A project log for Nuclear radiation sensor with photodiode detector

Measuring radioactivity without need of Geiger tube.

robert-gawronRobert Gawron 07/05/2025 at 16:180 Comments

Initially, the sensor was powered from a bulky and expensive power supply. However, now that the device is working, I was trying to move to using a cheap wall-mounted power adapter - smaller, cheaper, and easier to use. However, the sensor is sensitive to power supply noise, so I made an extra stabilizer and added plenty of LC filters.

I didn’t put much effort into it, to be honest. It was just an additional PCB made quickly before placing a PCB order. I used components that I already had, so... the voltage stabilizer I used was... NCP1117. Not the best low-noise chip on the market.

Surprisingly, the sensor was  working - it’s just that the signal was modulated. Instead of a nice sharp spike when a particle was detected, a series of spikes appeared. Good enough, I was thinking; temporarily, this could be filtered in software. These aren’t super fast signals anyway.

Nevertheless, I tried to make it better, so I soldered more 10µF caps in parallel to those already on the PCB. Not better, not worse.

Here I’ll note that different types of capacitors are better suited for filtering different frequencies. Electrolytic capacitors are good for the lowest frequencies. 100nF ceramics are the go-to choice for filtering power lines in digital circuits, and sometimes they are accompanied by 10nF ceramics to filter higher frequencies.

So then I was thinking: maybe add one of them? The 100µF didn’t make a difference, but randomly adding a 470nF at the output solved the problem. Why? I don’t know.

Now I think that I could have just used an oscilloscope, connected it in AC-coupling mode, and tried to see what was wrong — instead of randomly trying to fix things.

In the next revision, instead of NCP1117, I will use TPS7A8701 (much better, superior RMS noise and PSRR characteristics).

To summarize: the power supply part works, but it needs a rework and better chip selection.

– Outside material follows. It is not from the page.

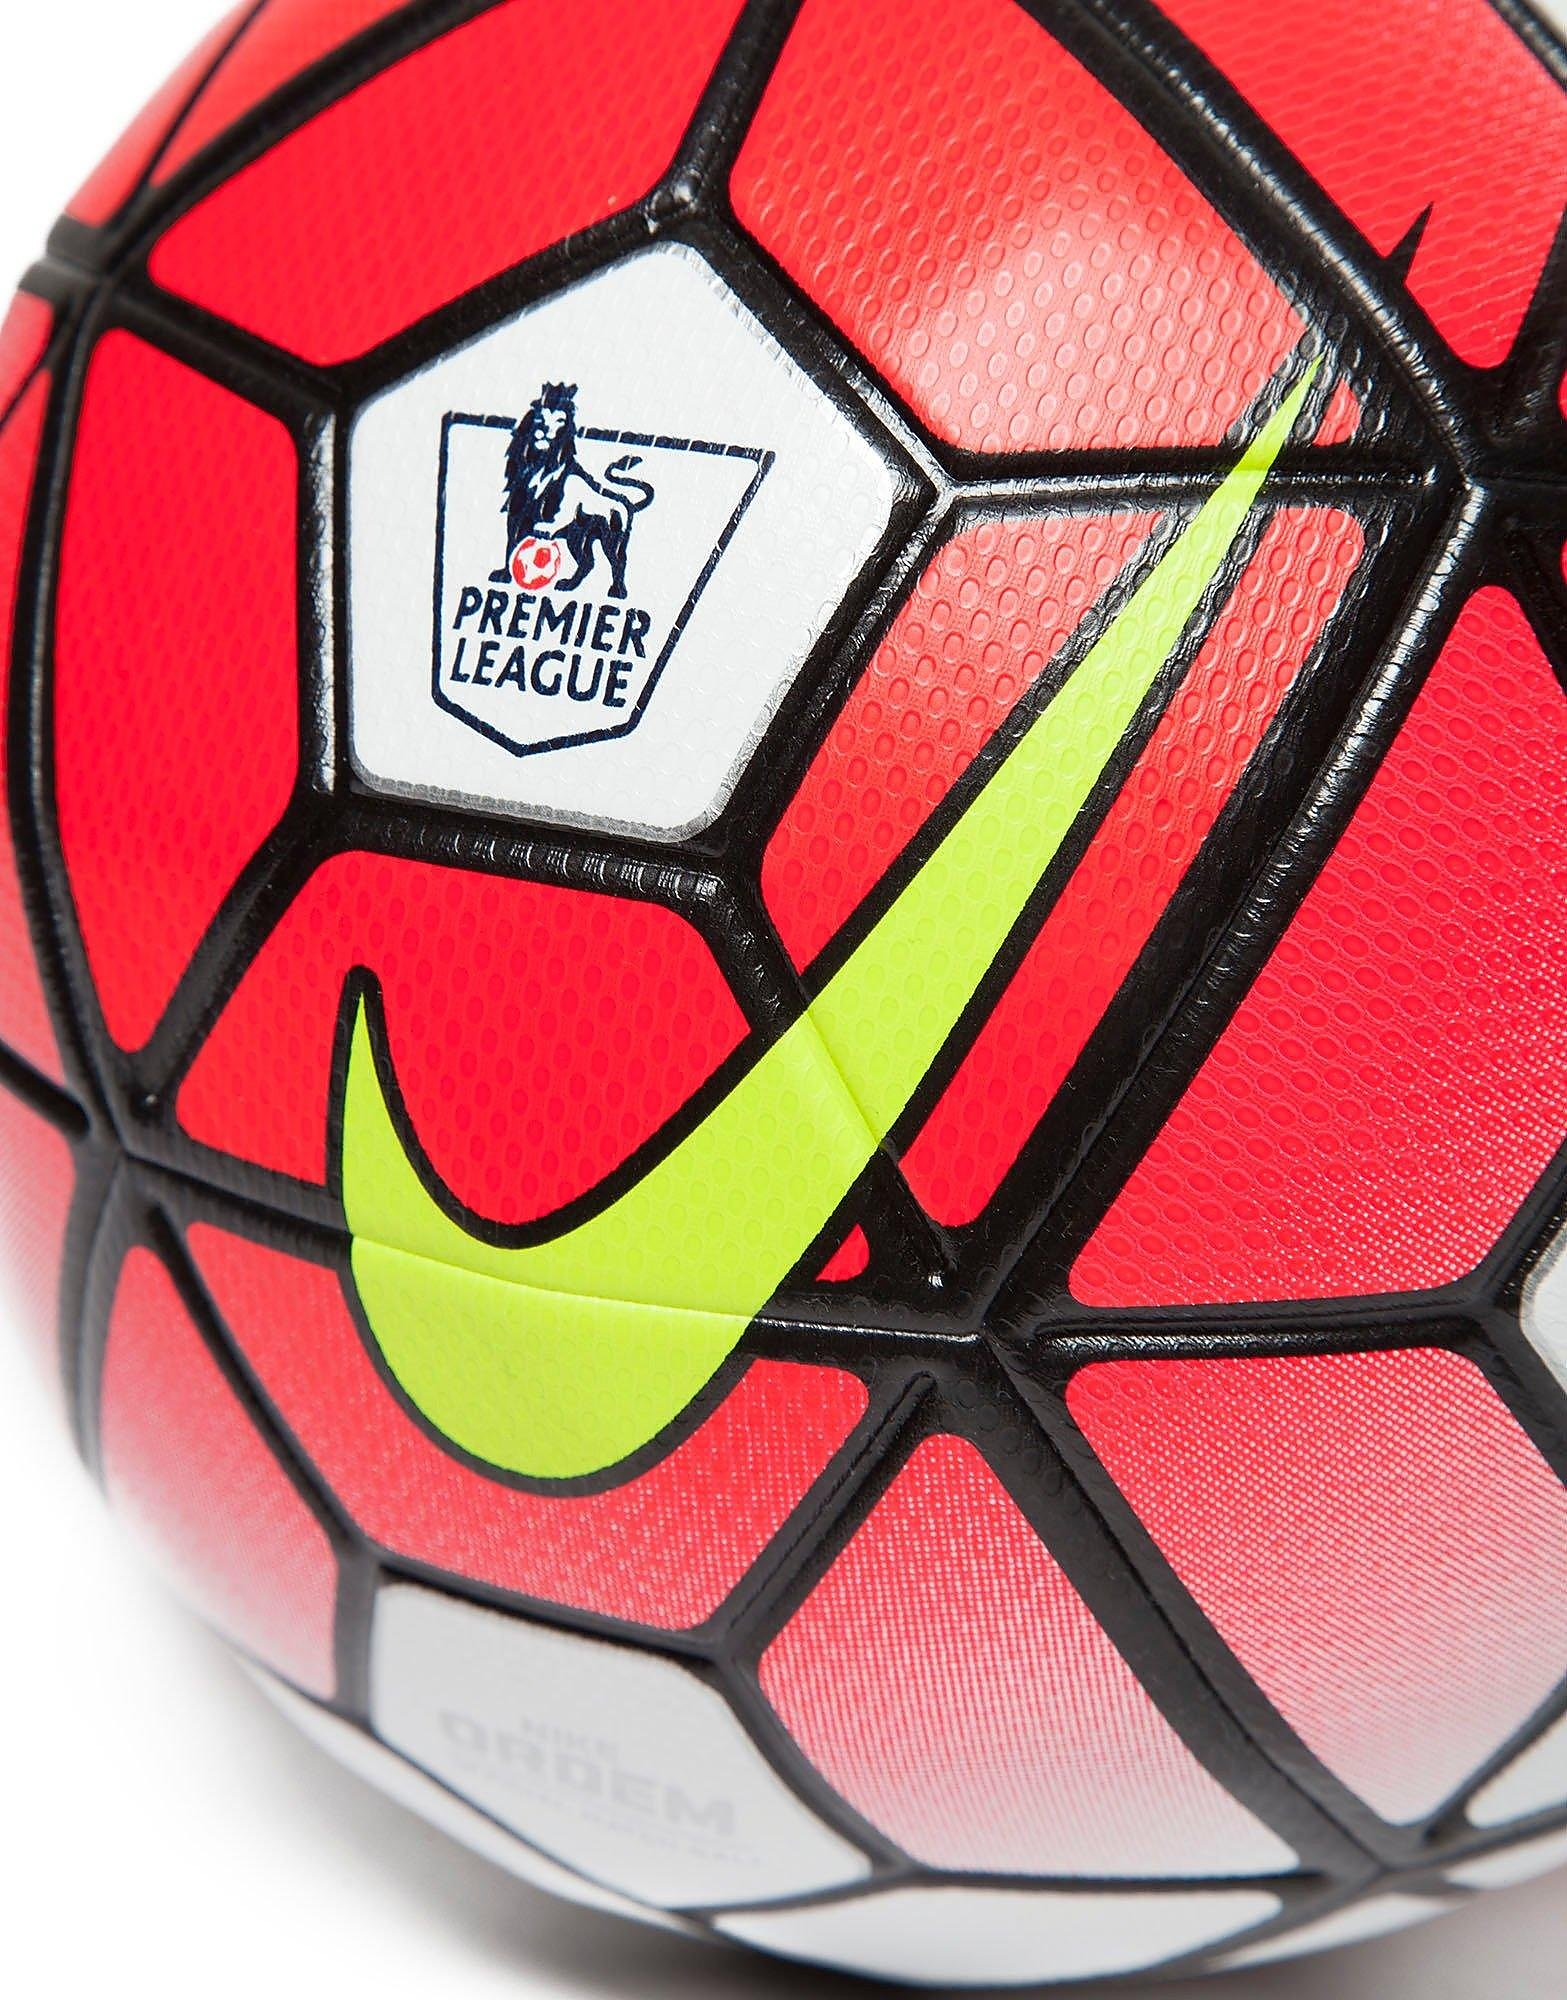 Nike Premier League 2015/2016 Skills Football
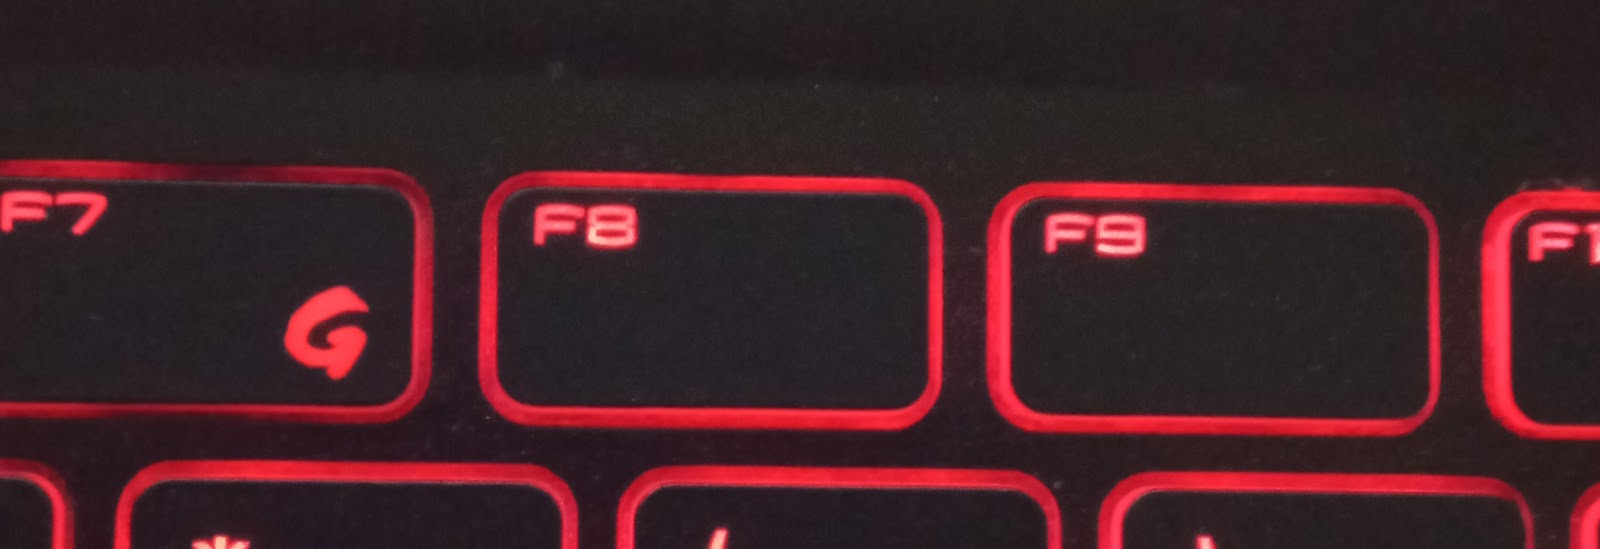 F8 button

The second feature of this auxiliary PCB is a logic level shifter, which is just an open-collector, common-emitter transistor. This was also not the best design.

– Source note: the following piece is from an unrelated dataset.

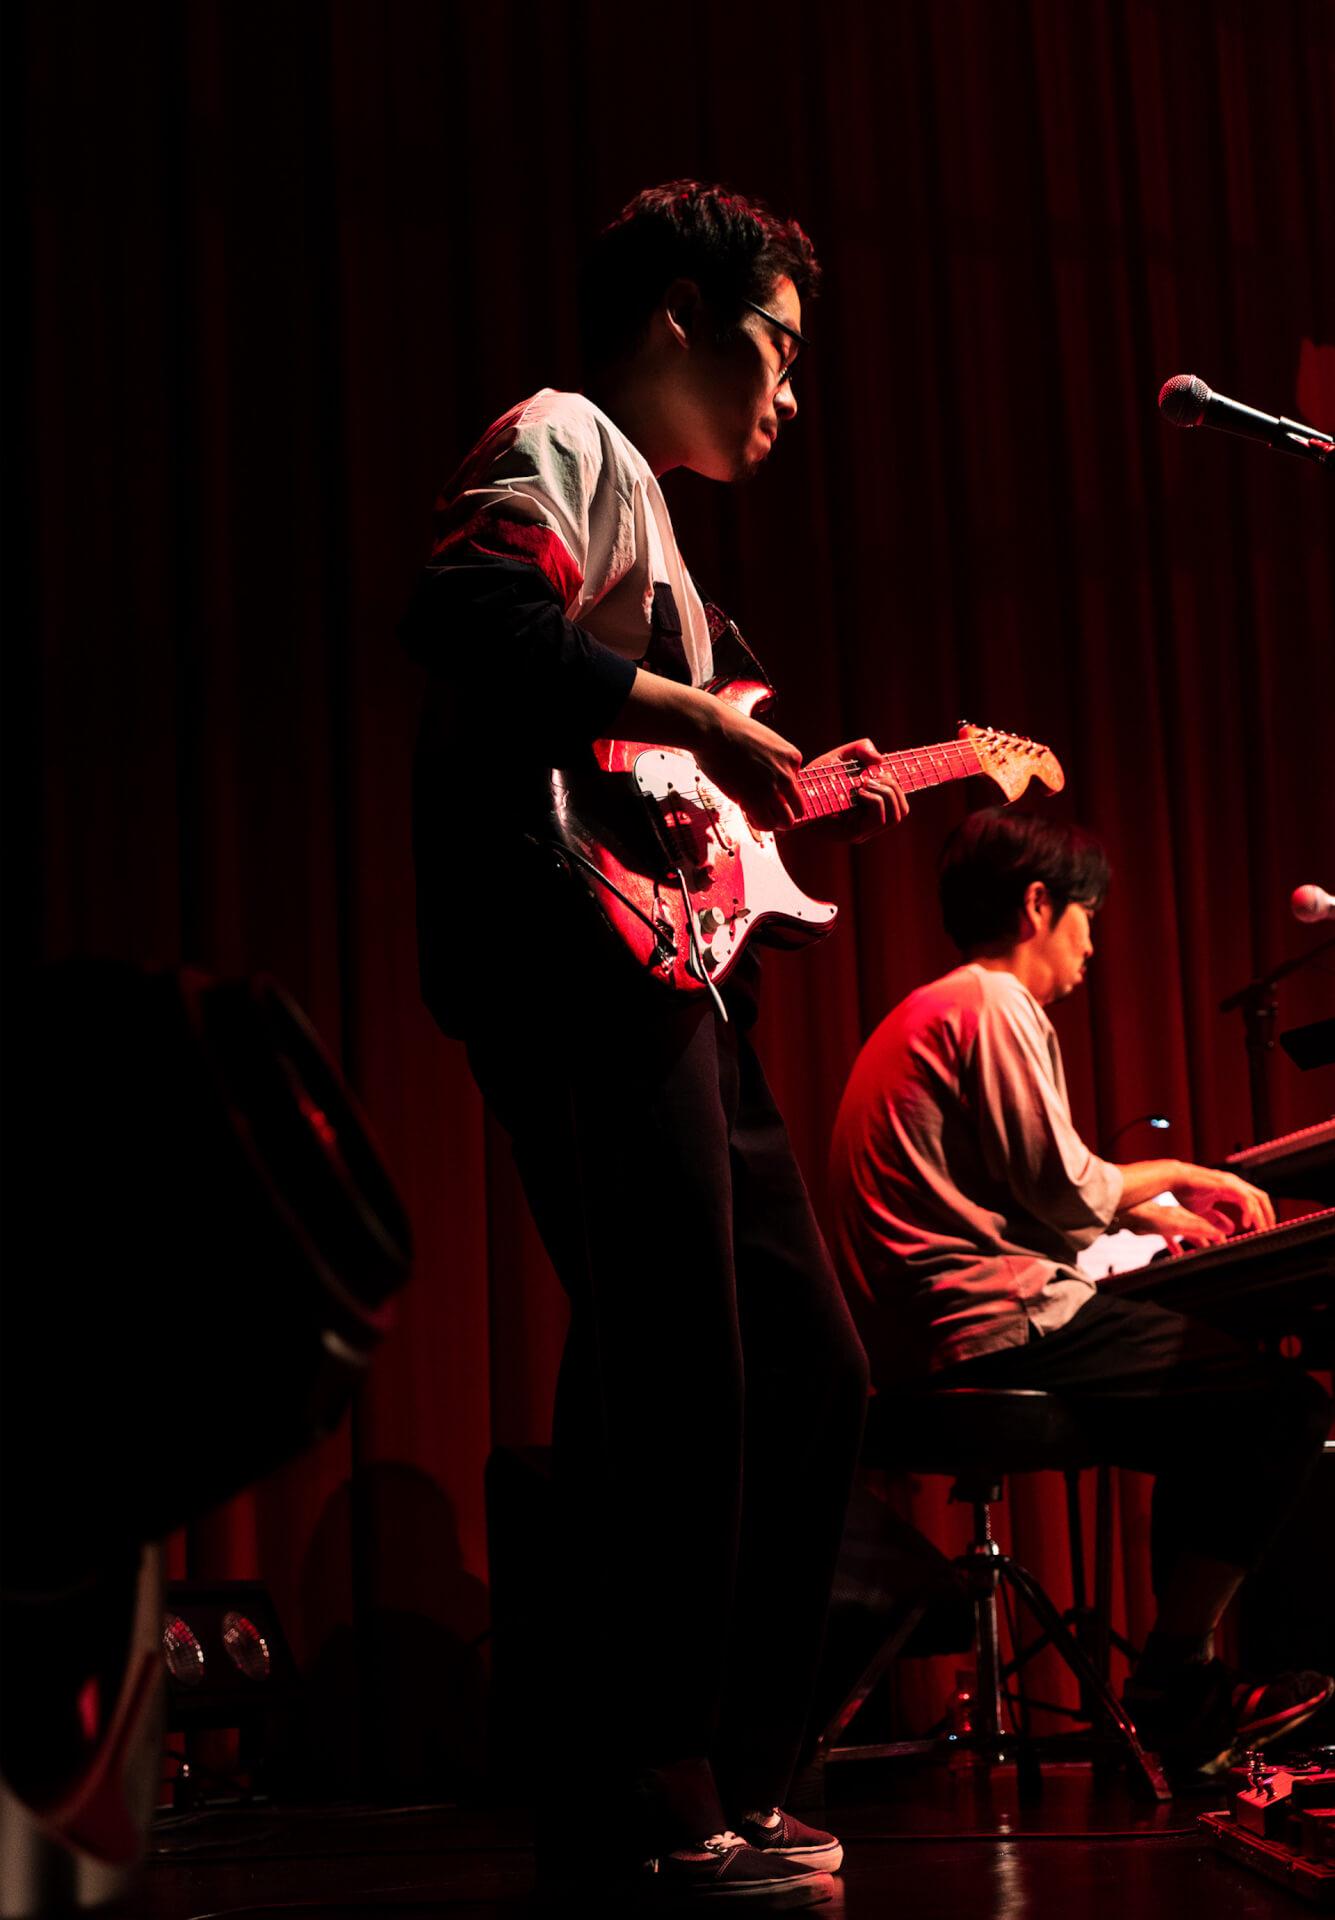 BIM初のビルボードライブ公演のライブレポートが到着!バンドセットでPUNPEE、kZm、STUTSらと共演 music201112_bim_live_4

Most dev boards or cheap logic analyzers require 3.3V as a high state. If they have a dedicated Vcc pin available — great, it will work. But I wanted to use it with cheap clones of logic analyzers (the kind popular on Aliexpress). They don’t have a Vcc pin exposed — just signal pins and GND — so it won’t work out of the box. A 3.3V voltage source is needed. I missed the opportunity to add some kind of cheap, adjustable power supply for this on the PCB.

One more thing I usually hate — but would actually be useful here — is an LED to indicate that the device is on. It would have been really helpful during testing and assembly. In the next revision, I’ll add it, but I’ll also add a jumper in parallel so it can be disabled in production mode. I hate when LEDs stay on at night (even worse — when they blink like on a router! I always put black tape over those).

So, to summarize: this is a weird project log — everything goes wrong, but it kind of works in the end.